13% of patients stop aromatase inhibitors due to joint, muscle pain

SAN FRANCISCO—A surprisingly high percentage of women with breast cancer who start adjuvant therapy with an aromatase inhibitor stop taking these drugs because of associated musculo-skeletal side effects, researchers reported at the first annual ASCO Breast Cancer Symposium (abstract 227).

While this finding is unlikely to change prescribing habits, it should spur physicians to pay more attention to pain complaints in these patients.

The study found that 13% of women with estrogen-receptor-positive, stage I-III breast cancer assigned to treatment with either exemestane (Aromasin) or letrozole (Femara) stopped AI treatment entirely due to musculoskeletal side effects an average of 6.1 months after starting treatment (range, 2.2 to 13 months). (The study did not compare the rate of side effects between the two AIs.)

"This was the most surprising finding of our study," said lead investigator N. Lynn Henry, MD, PhD, of the University of Michigan Comprehensive Cancer Center, Ann Arbor. "Thirteen percent is approximately the percentage of patients who typically discontinue a drug for all reasons combined, and this was just for musculoskeletal complaints," she said.

COBRA substudy

This NIH-funded Consortium on Breast Cancer Pharmacogenomics (COBRA) substudy included 100 patients; about half had previously taken tamoxifen.
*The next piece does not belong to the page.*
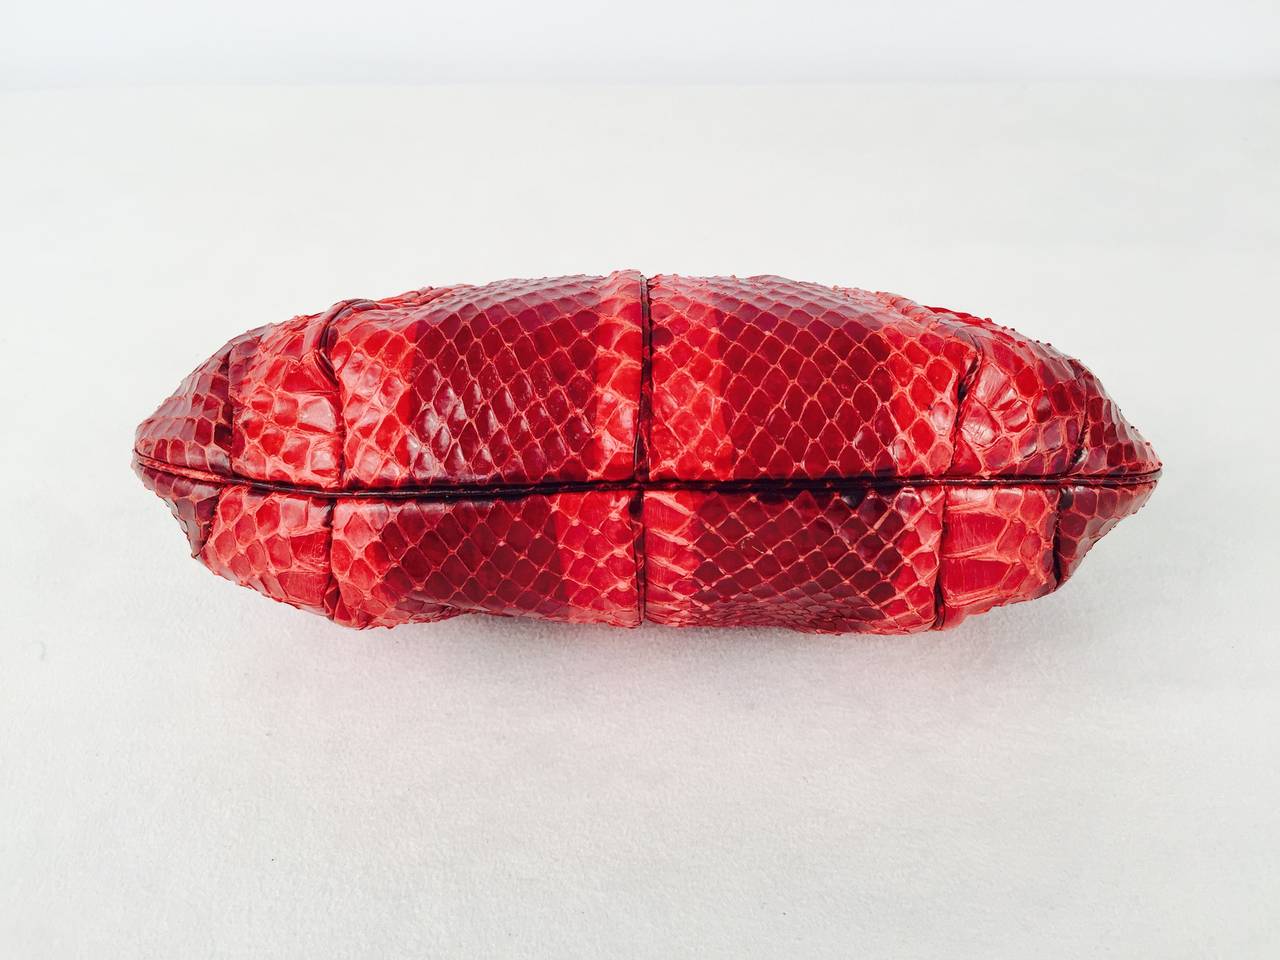 Judith Leiber Burgundy and Berry Snakeskin Evening Bag With Jeweled Clasp In Excellent Condition For Sale In Palm Beach, FL

Patients completed a Health Assessment Questionnaire (HAQ) and Visual Analog Scale (VAS) at baseline, 1, 3, 6, 12, and 24 months to assess changes in pain and function. Those who exceeded a predefined threshold based on HAQ and/or VAS score were referred for detailed rheumatology evaluation.
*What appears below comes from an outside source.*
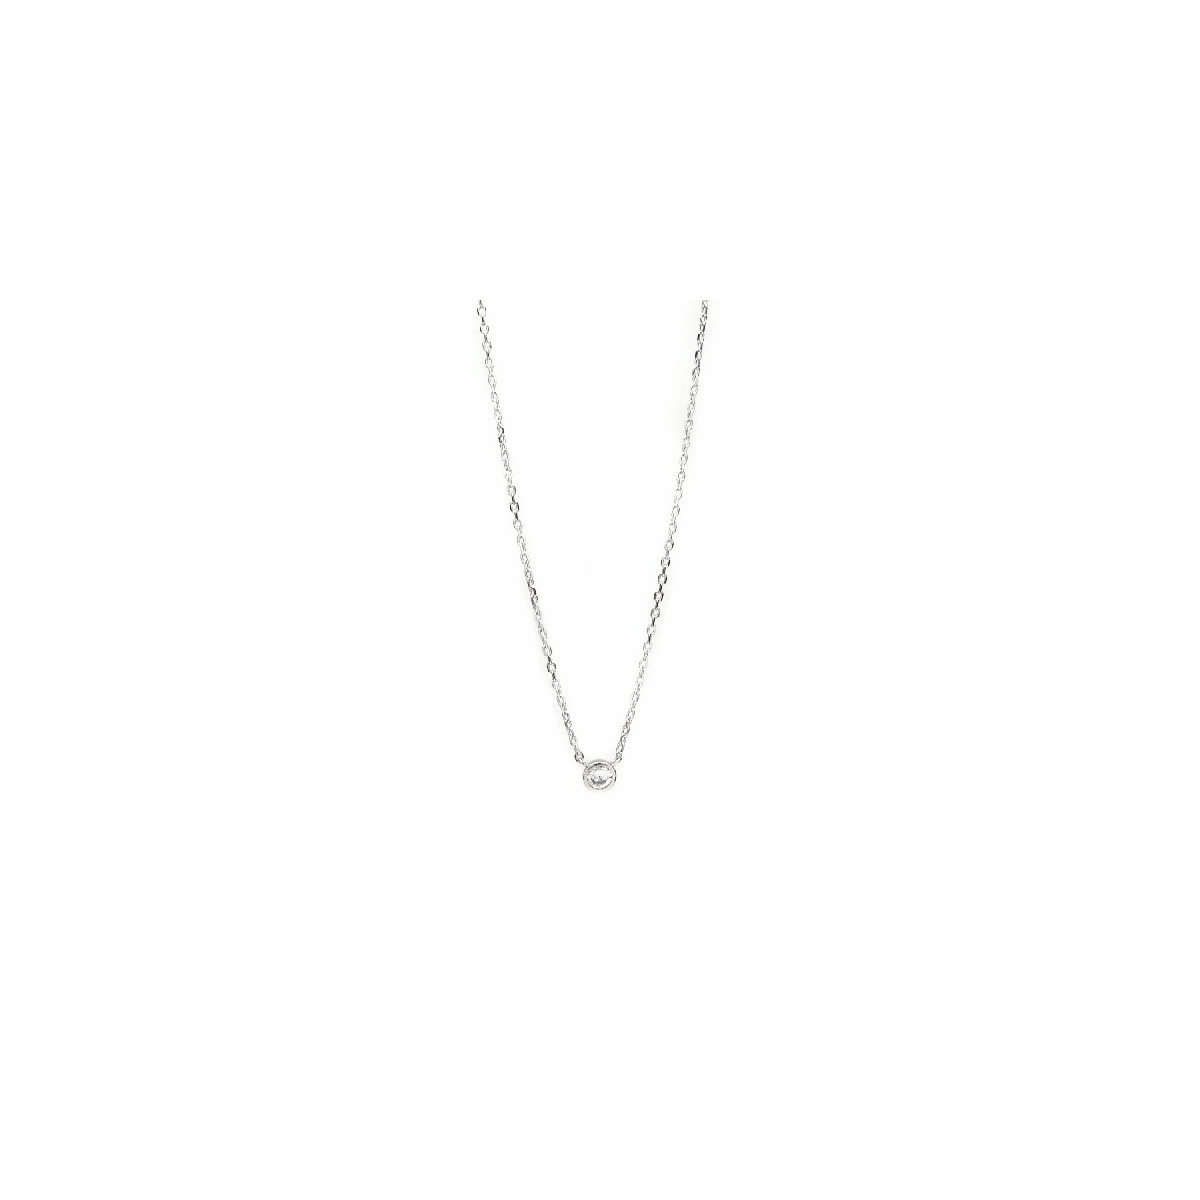 LINEARGENT NECKLACE - 15311-W-PE

"It is important to realize that these patients were referred due to responses to a questionnaire, not because the oncologist felt their pain was severe," Dr. Henry said.

Of the 100 patients, 42 (42%) reported musculoskeletal side effects and were referred for rheumatology evaluation. Detailed data were available for 38 of these women. The most common musculo-skeletal side effects reported were rotator cuff tendonitis (8 patients), carpal tunnel syndrome (9), and osteoarthritis (12).